Program studi yang akhirnya, membukakan mata betapa masyarakat Indonesia tertinggal jauh dalam bidang perlindungan Hak Kekayaan Intelektual dan Alih Teknologi, kendati pemerintahnya telah meratifikasi dan menandatangani kesepakatan perlindungan hak kekayaan intelektual internasional.
Lebih-lebih jika dibandingkan dengan negera-negera yang sempat ia kunjungi selama menempuh studi di Kings College, University of London. Ia juga menyadari bahwa ternyata, negara-negara yang sudah meratifikasi Intellectual Property Rights, itu adalah negara-negara yang industri kreativenya sudah tumbuh dan industri inovasinya sudah terbangun, sehingga mereka tidak hanya menjadi pasar, tetapi juga bisa bersaing dan bermain dalam pasar global.
“Tidak usah jauh-jauh, dibanding India, Thailand, dan Srilangka, mereka lebih jago dalam mengemas produk pertanian dari kampung menjadi komoditi berkualitas ekspor,” ujar Helianti yang selama dan setelah studi S2 berkesempatan keliling ke lebih dari 35 negara Asia dan Eropa.
“Sementara, Indonesia yang memiliki kekayaan aneka ragam hayati dan pangan, industri creative-nya belum tumbuh. Masyaraktnya masih belum memiliki ketrampilan dalam mengelola aset bahan baku, hingga mampu bersaing di pasar internasional,” lanjutnya.

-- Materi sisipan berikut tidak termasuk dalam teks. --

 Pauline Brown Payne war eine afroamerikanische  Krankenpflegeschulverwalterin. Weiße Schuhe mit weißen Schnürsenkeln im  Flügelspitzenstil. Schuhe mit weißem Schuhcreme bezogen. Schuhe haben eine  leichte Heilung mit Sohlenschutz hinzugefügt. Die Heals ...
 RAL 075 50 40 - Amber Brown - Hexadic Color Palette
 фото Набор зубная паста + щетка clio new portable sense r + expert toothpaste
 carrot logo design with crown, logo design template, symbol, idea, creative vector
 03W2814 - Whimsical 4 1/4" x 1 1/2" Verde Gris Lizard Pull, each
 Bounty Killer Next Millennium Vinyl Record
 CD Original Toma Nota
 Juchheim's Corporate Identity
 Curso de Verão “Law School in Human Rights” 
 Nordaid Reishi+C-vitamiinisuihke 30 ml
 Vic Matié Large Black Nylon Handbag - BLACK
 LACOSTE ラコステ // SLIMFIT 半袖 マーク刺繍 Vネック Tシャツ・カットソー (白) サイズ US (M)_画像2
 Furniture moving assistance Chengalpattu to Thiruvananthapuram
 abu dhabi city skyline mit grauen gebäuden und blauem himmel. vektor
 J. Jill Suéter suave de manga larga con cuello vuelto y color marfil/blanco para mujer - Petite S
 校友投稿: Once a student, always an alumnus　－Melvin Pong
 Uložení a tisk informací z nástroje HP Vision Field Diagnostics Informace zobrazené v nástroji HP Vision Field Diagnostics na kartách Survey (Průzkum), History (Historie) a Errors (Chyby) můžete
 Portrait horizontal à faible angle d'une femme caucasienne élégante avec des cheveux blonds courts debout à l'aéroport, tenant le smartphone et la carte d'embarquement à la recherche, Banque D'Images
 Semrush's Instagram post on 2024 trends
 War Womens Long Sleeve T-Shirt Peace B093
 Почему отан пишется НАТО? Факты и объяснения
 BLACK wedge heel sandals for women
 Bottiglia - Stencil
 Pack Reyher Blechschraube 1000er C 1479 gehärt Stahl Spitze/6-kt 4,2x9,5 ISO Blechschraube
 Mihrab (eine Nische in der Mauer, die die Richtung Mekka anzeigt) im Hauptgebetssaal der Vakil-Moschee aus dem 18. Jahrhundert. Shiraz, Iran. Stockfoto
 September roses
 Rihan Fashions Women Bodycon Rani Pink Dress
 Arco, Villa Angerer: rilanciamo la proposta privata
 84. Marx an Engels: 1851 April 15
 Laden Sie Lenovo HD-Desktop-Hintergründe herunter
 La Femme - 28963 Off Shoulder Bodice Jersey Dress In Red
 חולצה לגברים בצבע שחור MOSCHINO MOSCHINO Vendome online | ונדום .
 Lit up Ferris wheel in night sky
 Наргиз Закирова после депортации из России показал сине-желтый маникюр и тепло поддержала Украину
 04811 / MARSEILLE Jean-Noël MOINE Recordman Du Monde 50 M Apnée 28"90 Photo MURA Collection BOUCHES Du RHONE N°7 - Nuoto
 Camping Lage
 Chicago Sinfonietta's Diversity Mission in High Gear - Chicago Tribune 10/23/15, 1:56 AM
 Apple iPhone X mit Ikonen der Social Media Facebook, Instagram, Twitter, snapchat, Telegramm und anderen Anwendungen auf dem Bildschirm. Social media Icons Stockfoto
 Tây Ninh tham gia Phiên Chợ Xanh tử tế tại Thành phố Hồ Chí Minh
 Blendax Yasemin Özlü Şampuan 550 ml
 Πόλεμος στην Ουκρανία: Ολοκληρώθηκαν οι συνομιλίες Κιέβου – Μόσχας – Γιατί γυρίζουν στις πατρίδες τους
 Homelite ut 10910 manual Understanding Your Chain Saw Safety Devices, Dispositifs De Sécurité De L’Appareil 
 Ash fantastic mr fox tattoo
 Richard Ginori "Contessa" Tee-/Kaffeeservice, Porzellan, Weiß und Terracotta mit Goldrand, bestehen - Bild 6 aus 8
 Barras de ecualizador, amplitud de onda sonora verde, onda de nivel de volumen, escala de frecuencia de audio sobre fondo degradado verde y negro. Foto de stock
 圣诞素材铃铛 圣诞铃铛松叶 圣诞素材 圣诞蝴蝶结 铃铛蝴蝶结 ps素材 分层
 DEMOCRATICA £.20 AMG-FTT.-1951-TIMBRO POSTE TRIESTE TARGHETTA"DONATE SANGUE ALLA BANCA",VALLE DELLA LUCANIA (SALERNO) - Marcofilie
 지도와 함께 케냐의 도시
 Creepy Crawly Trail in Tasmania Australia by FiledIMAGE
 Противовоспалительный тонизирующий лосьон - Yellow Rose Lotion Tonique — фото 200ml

Kegemesan ini, ditambah dorongan dari profesor yang membimbingnya saat mengambil gelar S2, untuk segera pulang ke kampung halaman agar bisa lebih berguna bagi pengembangan industri kreative di negara asal, semakin membuatnya termotivasi untuk terjun ke bidang industri inovasi berbasis bahan pangan lokal ini.